Aquella noche, al llegar a casa, mamá estaba exhausta. Palpé unos aguacates que teníamos en el armario de cubiertos de la cocina. Tan solo habían madurados dos; se los llevé. Ella estaba sentada en la entrada de la cocina llena de hollín por el constante humo que producía la leña al cocinar. Tenía la mirada prendida en la débil llama de la lámpara de keroseno con el pómulo apoyado en la palma. Después de partirlos y rociarlos con limón y sal, no quiso comer con nosotros. Despertó a mi hermano Ottoo para ofrecernos media barra de envuelto de yuca que comimos con los aguacates. Ella se conformó con un par de dedos de banana mientras comíamos en silencio sin mediar palabra. Después de cenar cerramos la puerta de la cocina, y mientras cruzábamos el patio familiar hacia el salón y las dos habitaciones, se podía escuchar el llanto de Tomasito desde el hogar del vecino Paco Avenio. Mamá sostenía la lámpara con una mano, mientras que en la otra llevaba a Ottoo. Se giró para ordenarme pasar al frente y abrirle la puerta del salón. Deshice la rancia cuerda de roja tela que sostenía la puerta anudado a un enorme clavo que hacia de encaje. Una vez dentro, se perdió con Ottoo en su habitación. Yo fui a la mía.

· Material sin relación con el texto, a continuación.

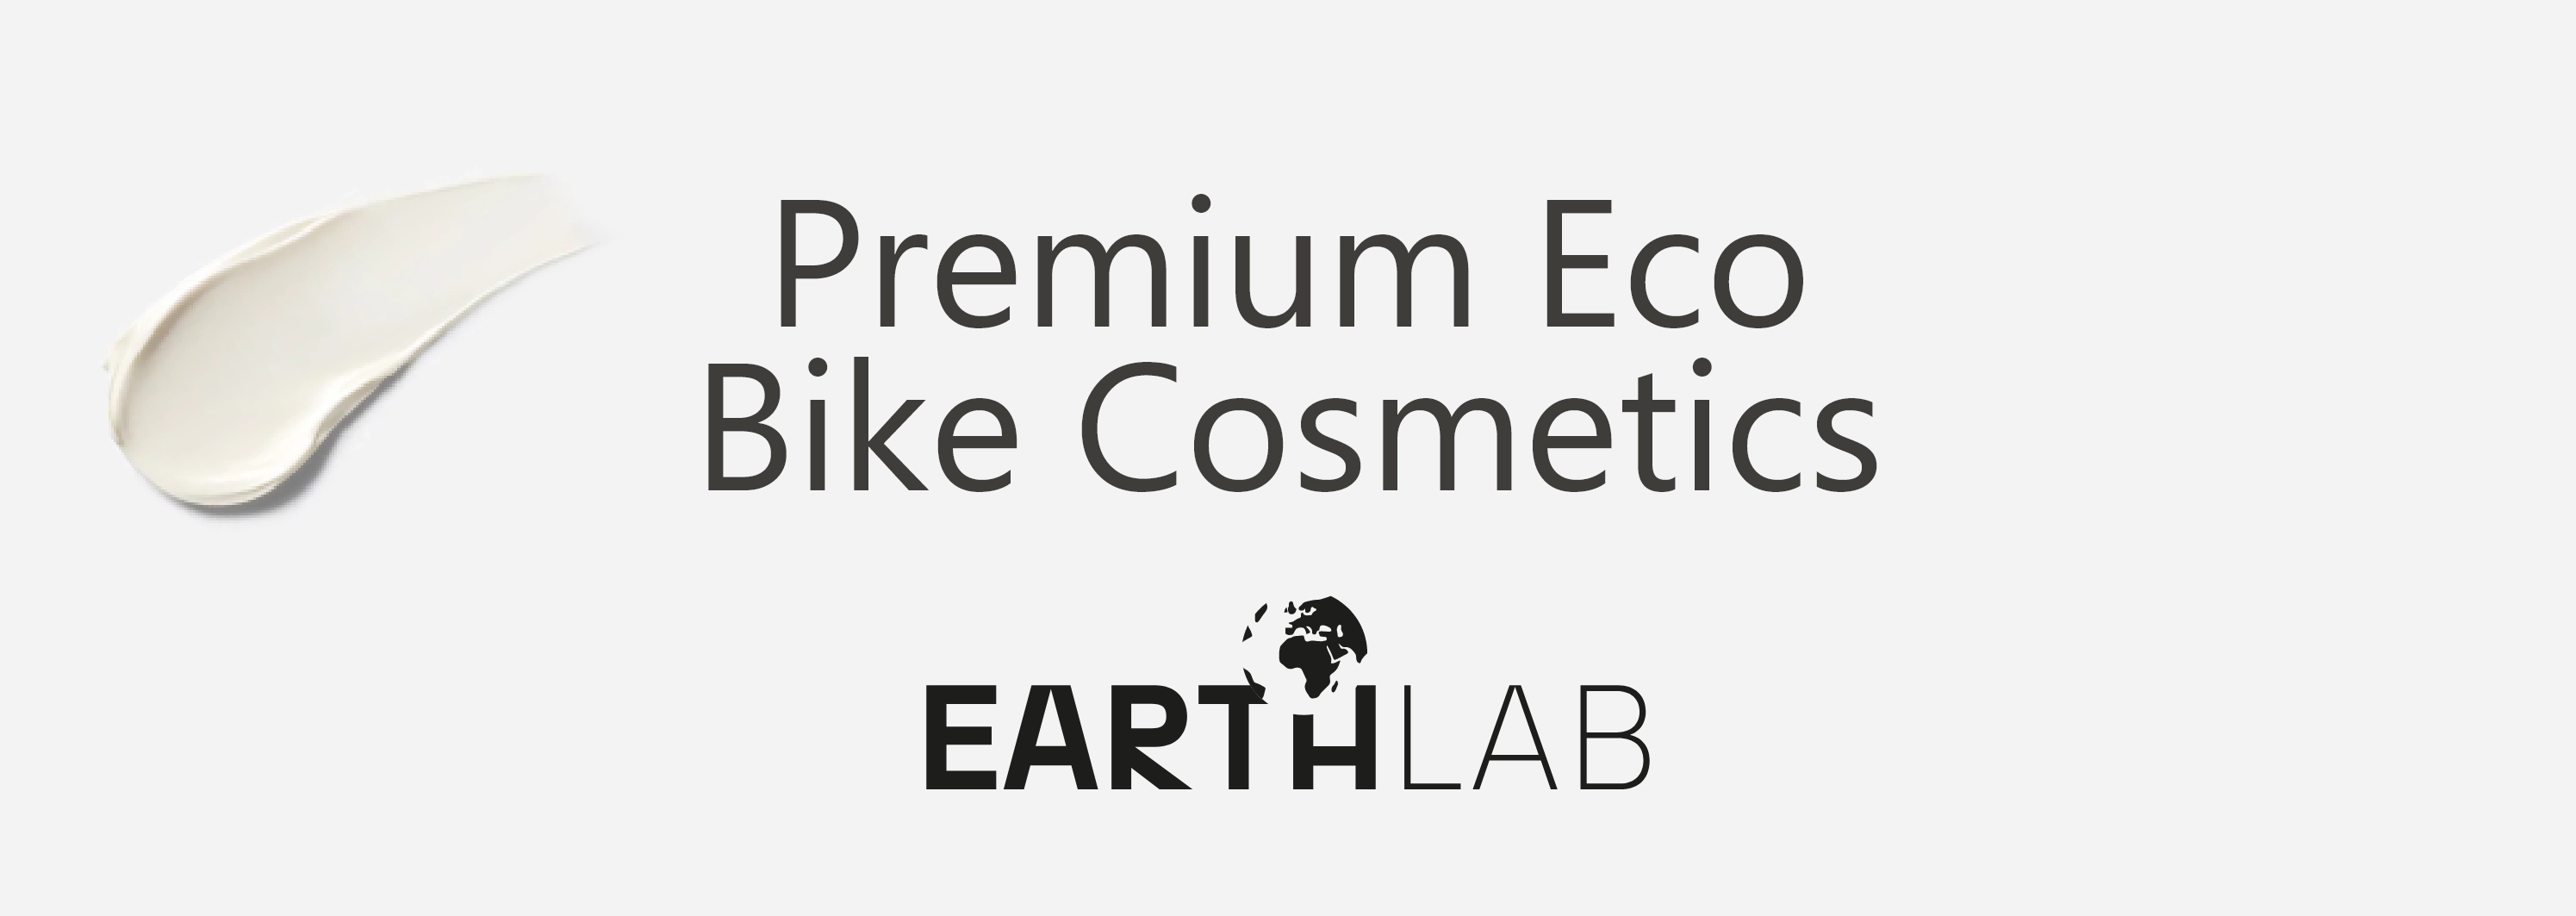 Earthlab Premium Eco Bike Cosmetics

En la cama permanecí buen rato mirando el techo en la oscuridad. Los mosquitos se entretenían zumbándome en la oreja. No lo soportaba. Me cubrí con la sábana hasta la cabeza, sin importarme, en demasía, el opresivo olor a orín. Pasé un buen rato pensando en los rostros familiares de la gente, y que había visto por primera vez, ese día durante el reparto de provisiones. Me acordé de cada uno de ellos, los portes andrajosos, de cómo caminaban cabizbajos, como sabedores de que su máxima humillación estuviera al descubierto. Pensé en los pasados macaras del niño vendedor. Reviví cada una de las caras de los militares con ojos inyectados en sangre, intentando aprehender en ellos la tenebrosa fuente que les guiaba en sus actos tétricos. Pensé en Ottoo, en la cara angustiosa de mamá. Deseé que sobre nosotros estuviera observándome un ser superior que me escuchara, que oyera mi milenaria plegaria en esta perdición de nuestras vidas, que en algún momento en la vida consiguiera regalarle a mamá, y a los otros tantos sufridos como mamá, una porción del amor que llevaba dentro y que no sabía cómo desparramar. ¿Es posible verter una vena de fino amor y paz en un desierto en constante caos y brutalidad? Ciertamente contaba ya con abundante lluvia, de agua y llanto, para hacer brotar las flores de la esperanza en esta tediosa desesperanza. El resto dependía del conjuro interplanetario y por si se me caía del cielo una estrella extraviada. Pensaba en la lluvia que me empapaba como si fuera agua de lágrima para las flores desterradas del desierto. Me trasponía… dormía. Soñaba y volaba… Soñaba llorando.